The date I planned to leave is rapidly approaching–only 19 days away. Yet I have a very, very big problem. It never occurred to me that this could possibly be a problem and I took for granted that it wouldn’t be. Now I’m finding that my assumptions have been entirely incorrect.
My major assumption was this: I would sell my truck and some of my higher dollar items I have at home that I no longer use and I would use that to pay for my basic expenses like food, phone, internet, and miscellaneous needs while I was on the road. I have been planning on selling my truck for a while, and thought that for sure the moment I put it up for sale, it would sell. The few times in the past that I put cars up for sale on craigslist, they went pretty quickly. So I just took it as a given that selling the truck wouldn’t be a problem. I’ve seen some other walkers do the same–they’ve sold their vehicles and some belongings, etc. and took off.
Apparently, it’s a problem.
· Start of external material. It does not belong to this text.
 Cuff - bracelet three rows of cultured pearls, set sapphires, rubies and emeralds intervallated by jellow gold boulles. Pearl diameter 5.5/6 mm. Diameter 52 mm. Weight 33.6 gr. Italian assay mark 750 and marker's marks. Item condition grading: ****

I’ve got the truck listed in carandtrucktrader, the Oregonian, and craigslist and I’ve posted fliers around my neighborhood. I’ve had the truck listed for over a month! I keep re-listing my other stuff, too. Yet I’ve only had a few nibbles, and most people seem to be expecting to get a great thing for pennies on the dollar. I don’t think so.
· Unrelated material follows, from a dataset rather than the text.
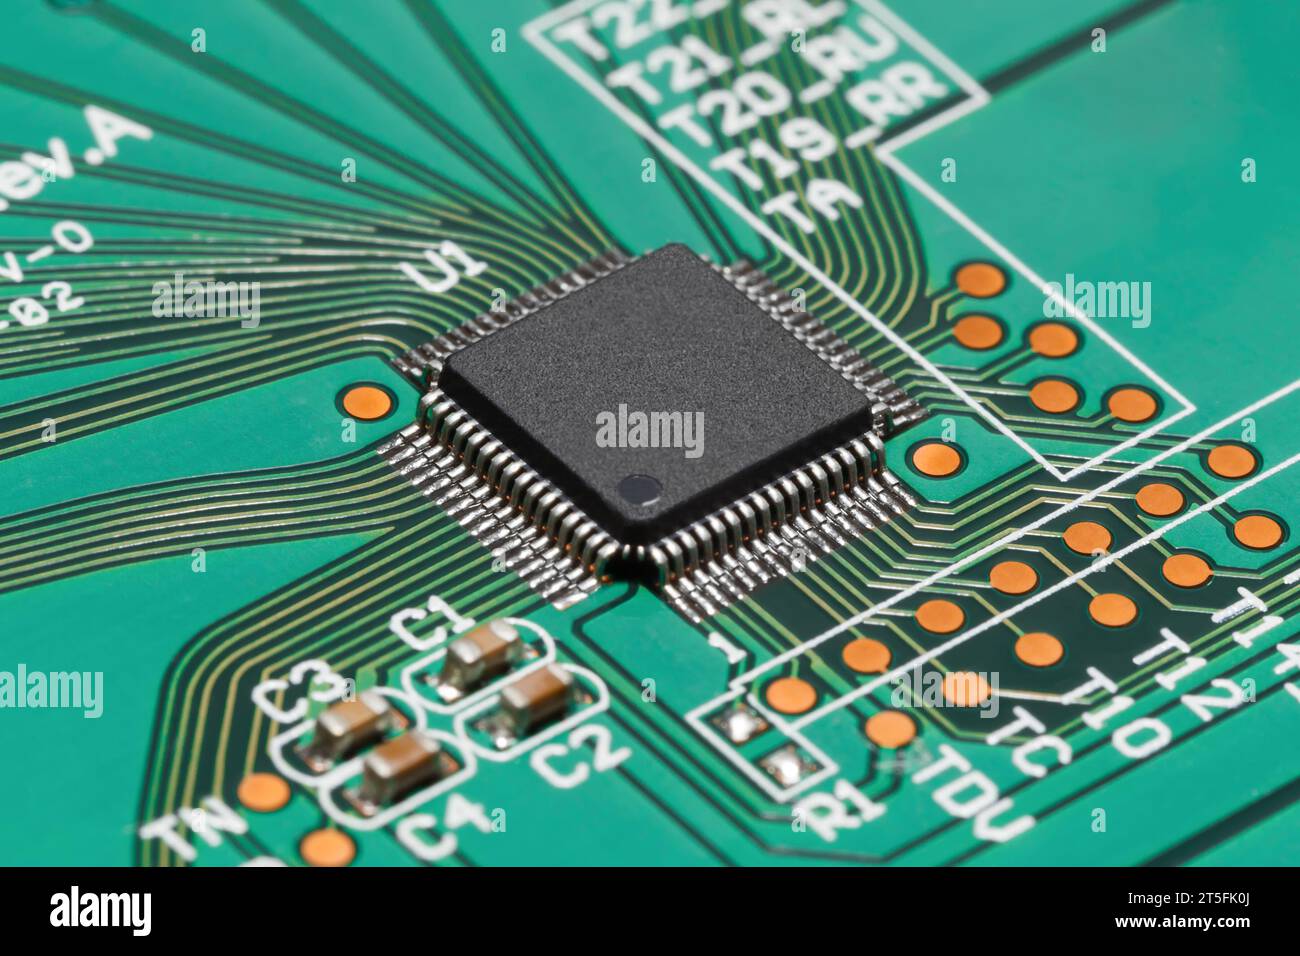 Chip on a green printed circuit board. Technologies, microelectronics. Macro photography Stock Photo

In addition, the only people who’ve been interested or made offers on the truck and my other items at home (I used to make bead jewelry, so I’m selling my entire collection of jewelry making supplies) have been scammers who have been “satisfied” with the condition of the “item” sight unseen and want me to give them my full name, address, phone number, price (I already said the price in the ad), and my firstborn in order to send me a check. Yeah, right.
So I’m incredibly frustrated. I had expected to sell it and my other stuff by now so that I would have plenty of time to do my last minute preparations. It’s looking like beginning April is definitely out as my starting date. What I’m afraid of, though, is if this keeps up and I don’t sell it before mid-April, I won’t be able to go at all.
The latest I feel comfortable starting this trek is May 1st. Much later than that, and I’ll be walking through the mountain ranges on the east coast in winter. Uh-uh. Don’t want that. And I figure I need at least two weeks after selling my truck to get the last minute things I still need.
I never had a plan B, because it was inconceivable to me that I would have this problem. This last week as I’ve been panicking, I’m realizing that I might need a plan B after all. So while I madly charge around like a crazy loon over the next few days/weeks/? trying to sell my truck and get the funding I need to do just the basics of this walk, I’ll also be partitioning a part of my brain off and putting it to work on a plan B. For just in case. Damn. I don’t want to even think about me not being able to go this year. That would depress the hell out of me.
*taking a big, deep, meditative breath*
Panicking doesn’t help. The nerves don’t help my stress level, which is high enough as it is right now. IF I can’t sell the truck in time, that means I would have to put the walk off until next year. If that’s the case, I wonder what would be an appropriate thing to do for plan B to prepare for next year and be able to come back at this fully funded and ready to roll?
I mentioned before that I had been thinking of trying to figure out some sort of charity to follow or maybe start my own foundation. Perhaps that is something that I could pursue more thoroughly. Putting off the walk for another year would give me more time to prepare (since I did jump into this rather quickly), which would be a good thing, though not good for my nerves. I’m tired of waiting. I could train more and be in even better shape for next year.
Ugh. I’m trying to see the positives in having to wait one more year and give myself a pep-talk in case that happens, but I still feel lousy, like my dreams are being dashed and tromped on. I really hope I sell the dang truck soon!
*another deep meditative breath*
But…just in case…Any suggestions for a Plan B?